What this task involves: Return the listing below verbatim. Pictures do not belong in the copy.

Data excerpt:
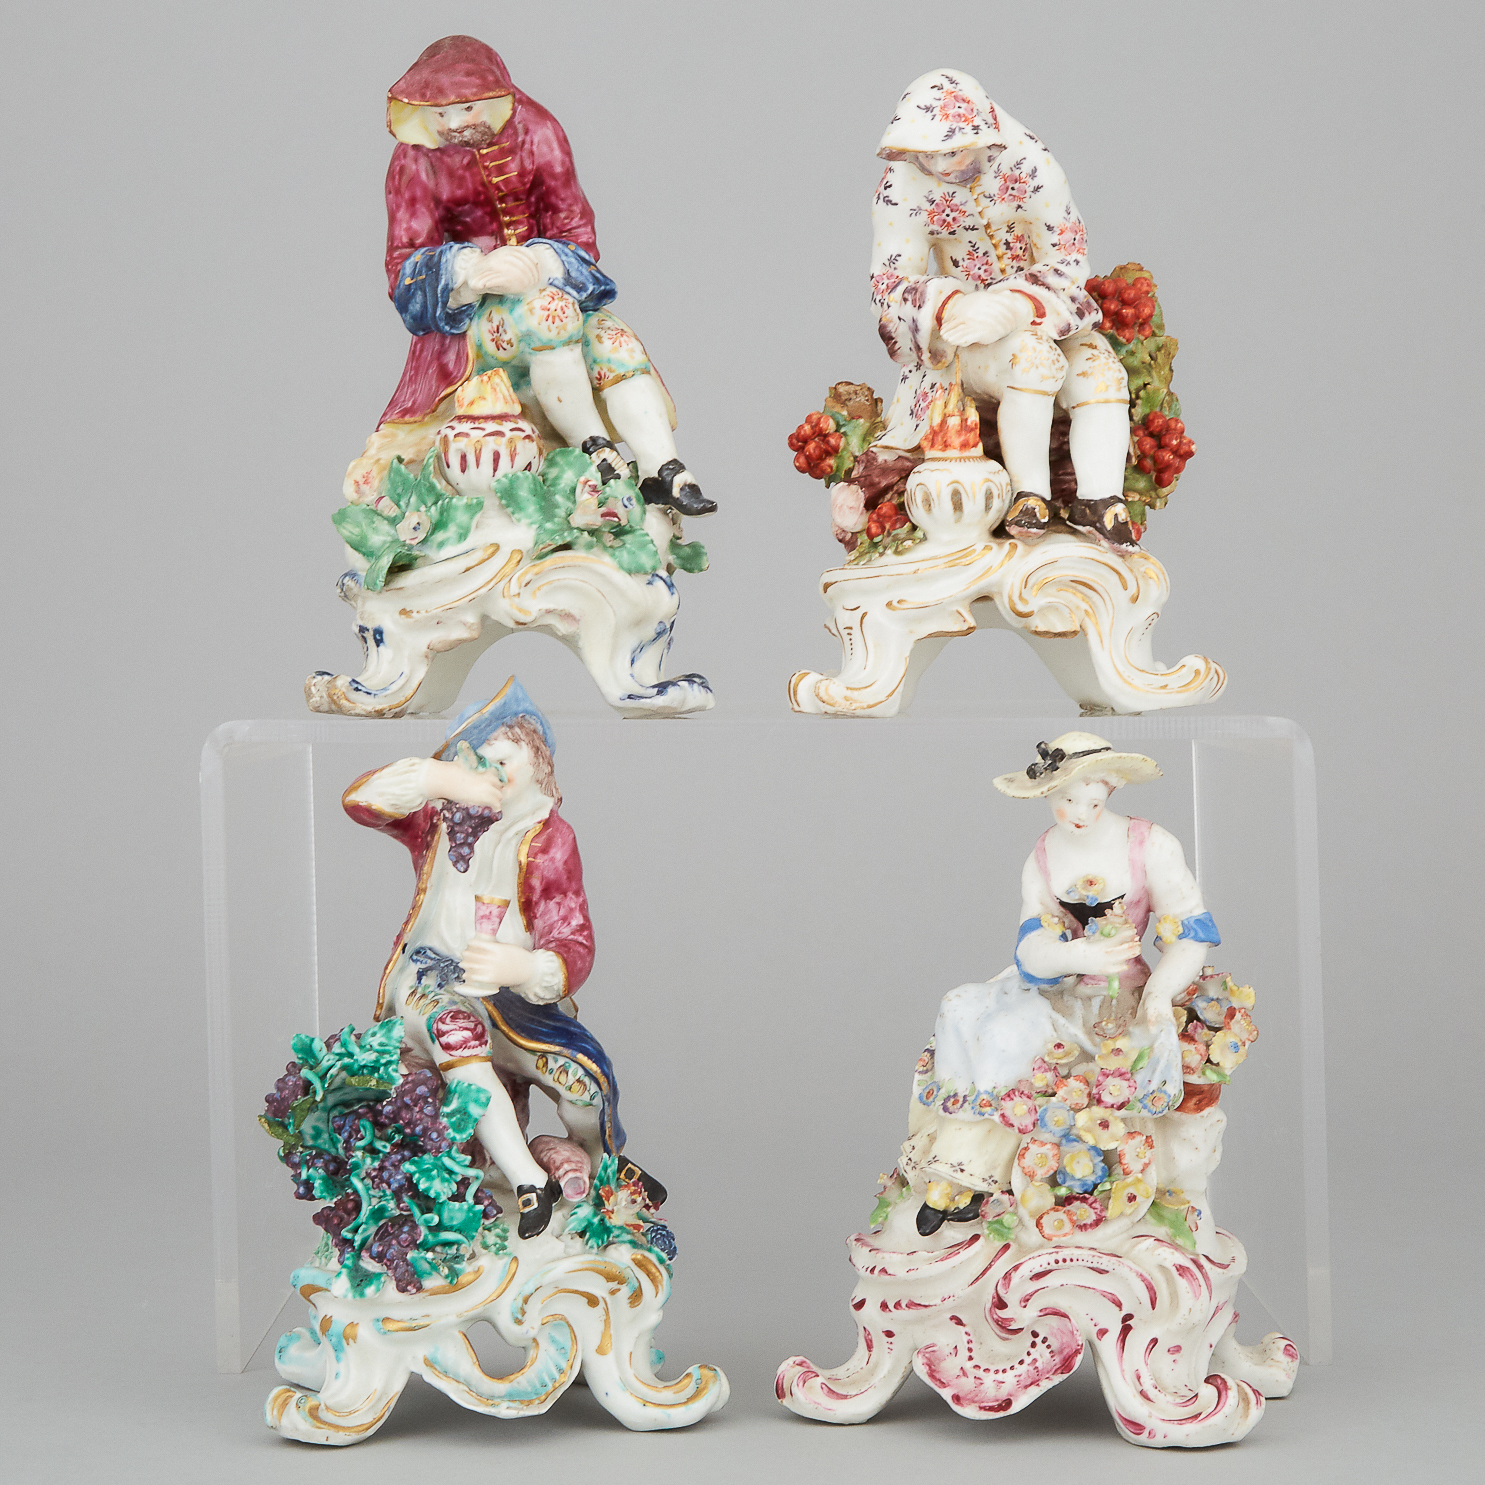 Assembled Group of Four Bow Figures Emblematic of the Seasons, c.1765
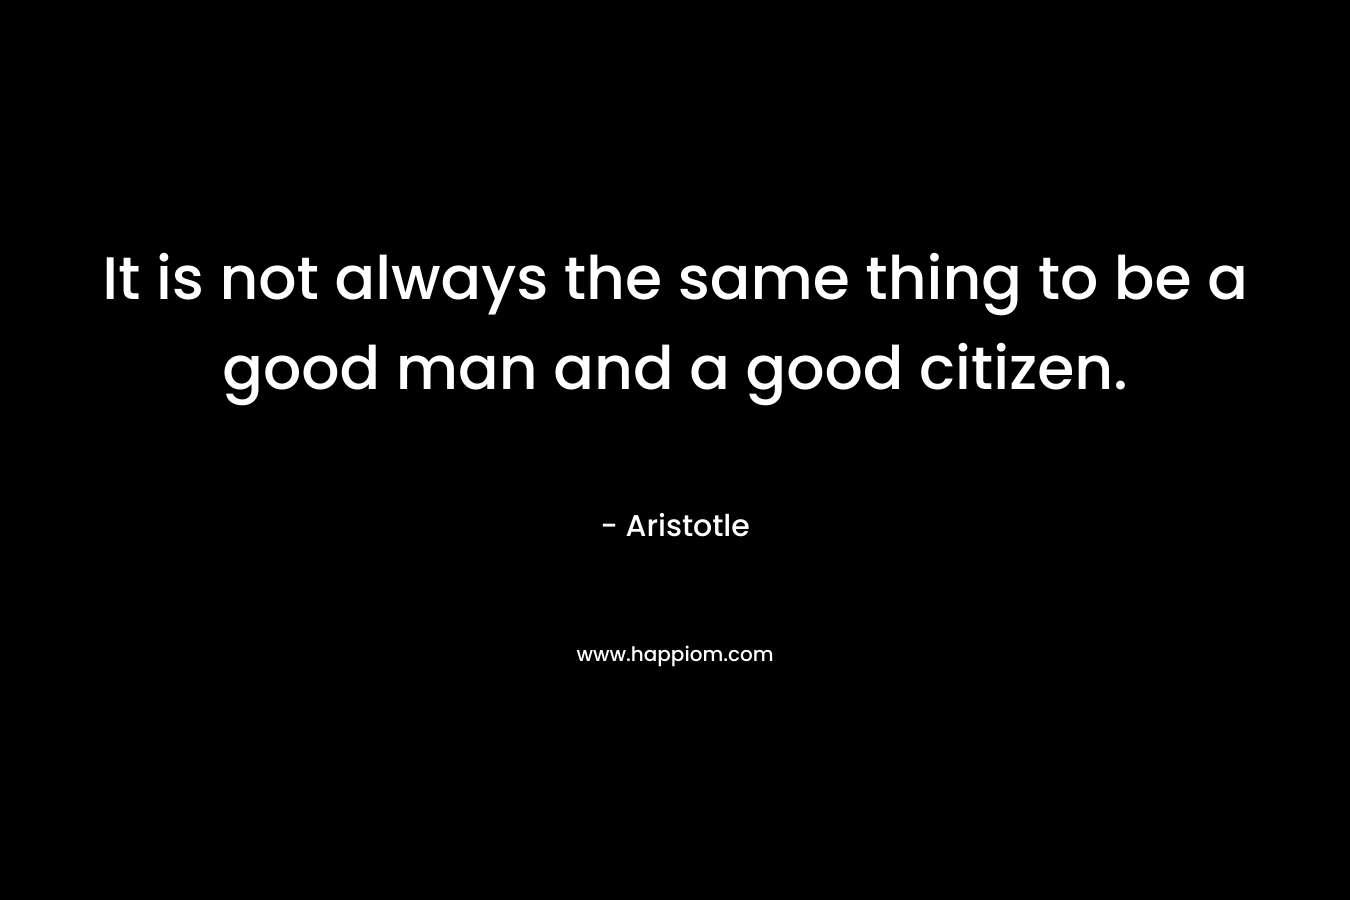 It is not always the same thing to be a good man and a good citizen. – Aristotle
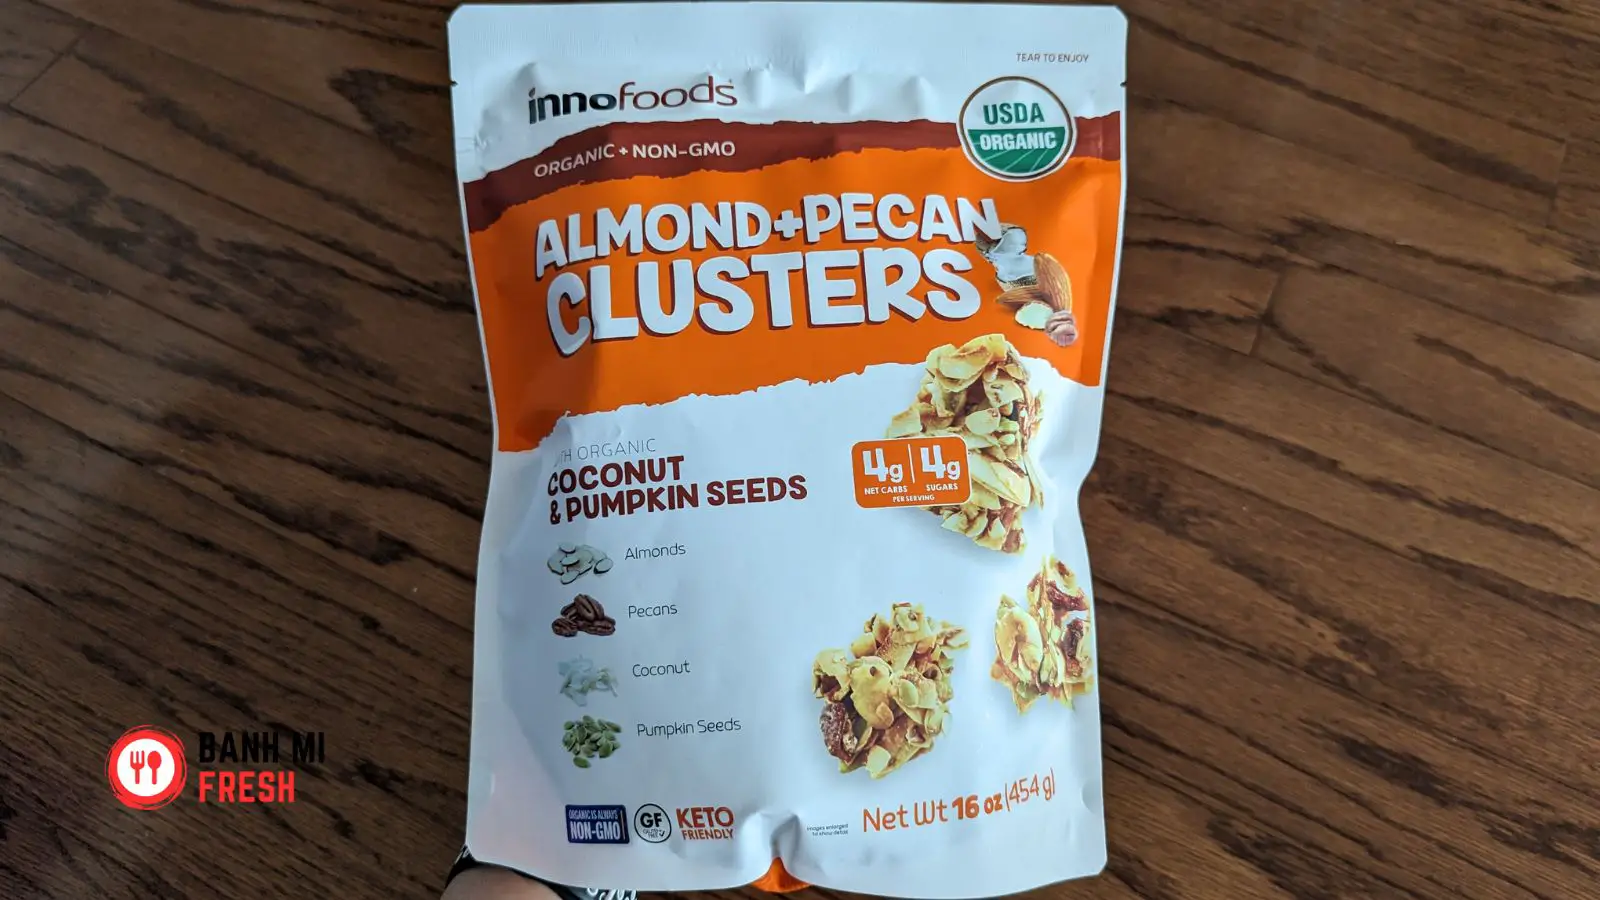 Innofoods almond + pecan clusters front package - banhmifresh.com

Solution:
 Assembled Group of Four Bow Figures Emblematic of the Seasons, c.1765
 It is not always the same thing to be a good man and a good citizen. – Aristotle
 Innofoods almond + pecan clusters front package - banhmifresh.com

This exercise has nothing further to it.